I like to read a few books at a time, usually one about management and another about innovation. And rather than look for opinions that align with my own, I prefer to have my assumptions challenged, my point of view broadened, and discover completely new ways of seeing the world.
Several recent reads fit this category – they delivered the unexpected, created conversation and made me think differently.
These are my top six, with at least one of the lessons I took from each.
Sapiens: A Brief History of Humankind
Yuval Noah Harari wrote this book as if he was observing humankind from another realm. His ideas are unexpected and sometimes controversial.
How did humans develop so far and wide when primate groups usually cap at 150 individuals? (Hint: shared myths). An interesting element of this book is the concept of imagined realities – money, religions, relationships and jobs work for us because we share a universally accepted truth about them. Shared myths allow us to organize in teams, sometimes of a billion people or more. But when that truth changes so do our realities.
Lesson for industry: If the ability to create and share myths allowed Homosapiens to thrive and organize, what could happen with an enforceable trust mechanism like blockchain? How would it permit and change us by reducing the friction of interaction?
If I Understood You, Would I Have This Look on My Face?
Actor/author Alan Alda talks about the challenges faced by technologists and scientists who must communicate ideas to people unfamiliar with the concept. (He’s the host of Scientific American Frontiers, where he met and talked with so many scientists working to get their ideas across).
Everything from how projects get funded to selling your idea to the world – it all relies on how well you convey what you know. If the idea of sending scientists to improve classes seems ridiculous, you need to open up your mind a little.
Lesson for leadership: Based on the concepts in this book I am changing the way we do project reviews with this directive: Explain your concept to me the way you would explain it to your grandparent or an 11-year-old. You do not score extra points for complexity.

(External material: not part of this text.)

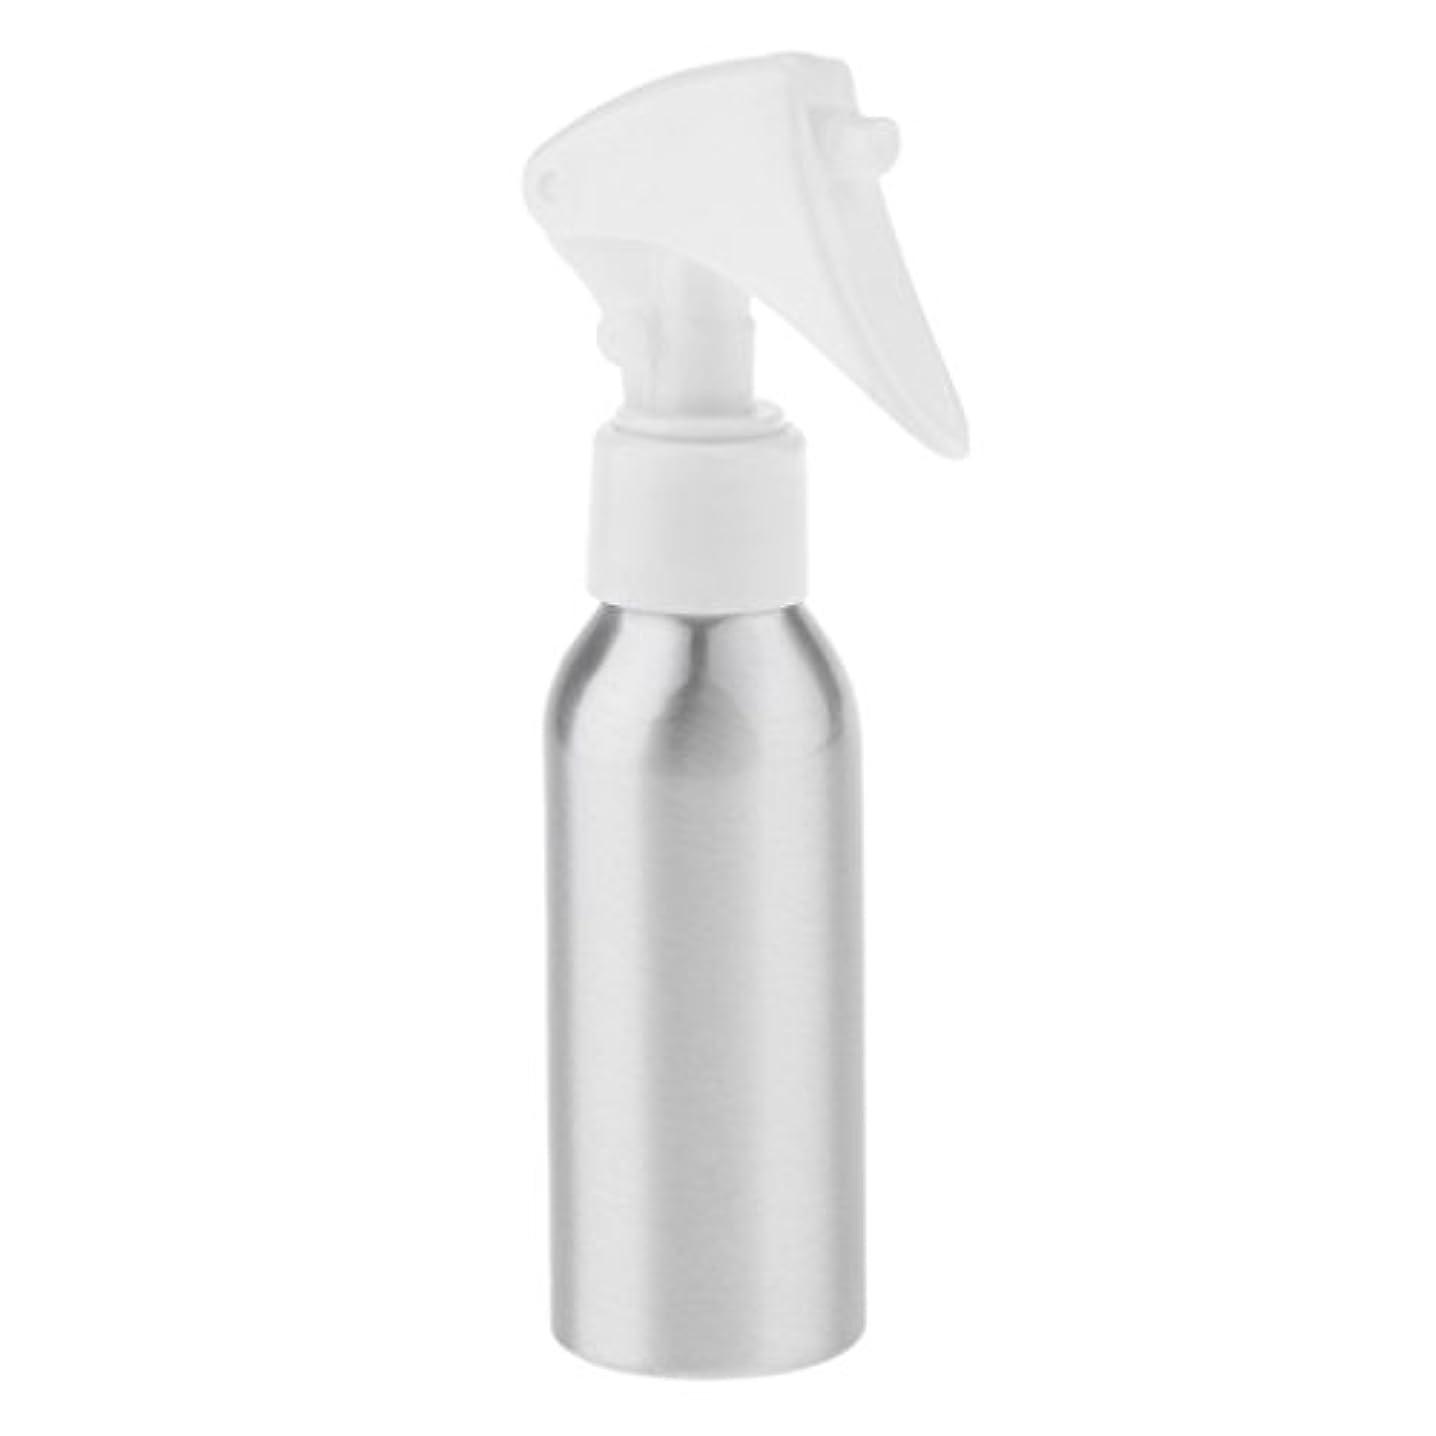 代数換気収益スプレーボトル スプレーポンプ ポンプボトル 噴霧器 香水ボトル 多機能 便利 6サイズ選択 - 120ML

Humans + Machine, Reimagining Work in the Age of AI
I am fascinated by how authors Paul R. Daugherty and H. James Wilson portray the future of how we’ll work. There certainly are fears growing around if and how AI will replace workers. This book helps alleviate those fears because while AI will reduce the need for repetitive, non-value-add work, the result is also an increase in better jobs for those people.
Lesson for leaders: Use the arguments in this book to help your teams prepare for and adapt to the future, reduce fear and take advantage of the opportunities in the future of work.
Ready Player One
For anyone who wants to “see” the future, author Ernest Cline does a great job creating a virtual world and describing how we’ll interact within that world. His views of virtual shopping malls and virtual schools are truly insightful.
It will be easier for people to connect and collaborate virtually but the quality of those interactions will diminish. We’re already experiencing the benefits of virtual interaction in manufacturing, as technicians can open a cabinet and look at a part in 3-D in real-time without the need to travel.
What’s coming: the blurring of human and machine interaction. If you get robocalls you already know how difficult it is to tell when you’re talking to a human or to a machine. (Hint: ask the suspected robocaller to repeat a word for you).
Lesson for industry: For every technology, there’s an upside and a downside. Understand both.
Permission to Screw Up, How I Learned to Lead by Doing (Almost) Everything Wrong
When author Kristen Hadeed started her apartment cleaning service, she had 50 employees – and 40 of them quit the same day. She shares everything she did wrong, and she helped me look at mistakes in a new way.
Lesson for leaders: People who are trying their best and making decisions with good intent deserve help and mentoring, not job termination.
Delivering Happiness, a Path to Profits, Passion, and Purpose
This is a comic book from Tony Hsieh, the CEO of Zappos. He’s also run a worm farm and a pizza business.
He stresses that as leaders, we owe it to our teams to be precise and direct, and to align what we say and what we do with our values. This book reinforced the power of corrective feedback. We all need it; we don’t all get it, or deliver it.
Lesson for leaders: This book made me more aware of the culture I am trying to create, and how I communicate what I expect and what I value.
What are your standouts? How have they changed you, your assumptions of the world and how you see the future?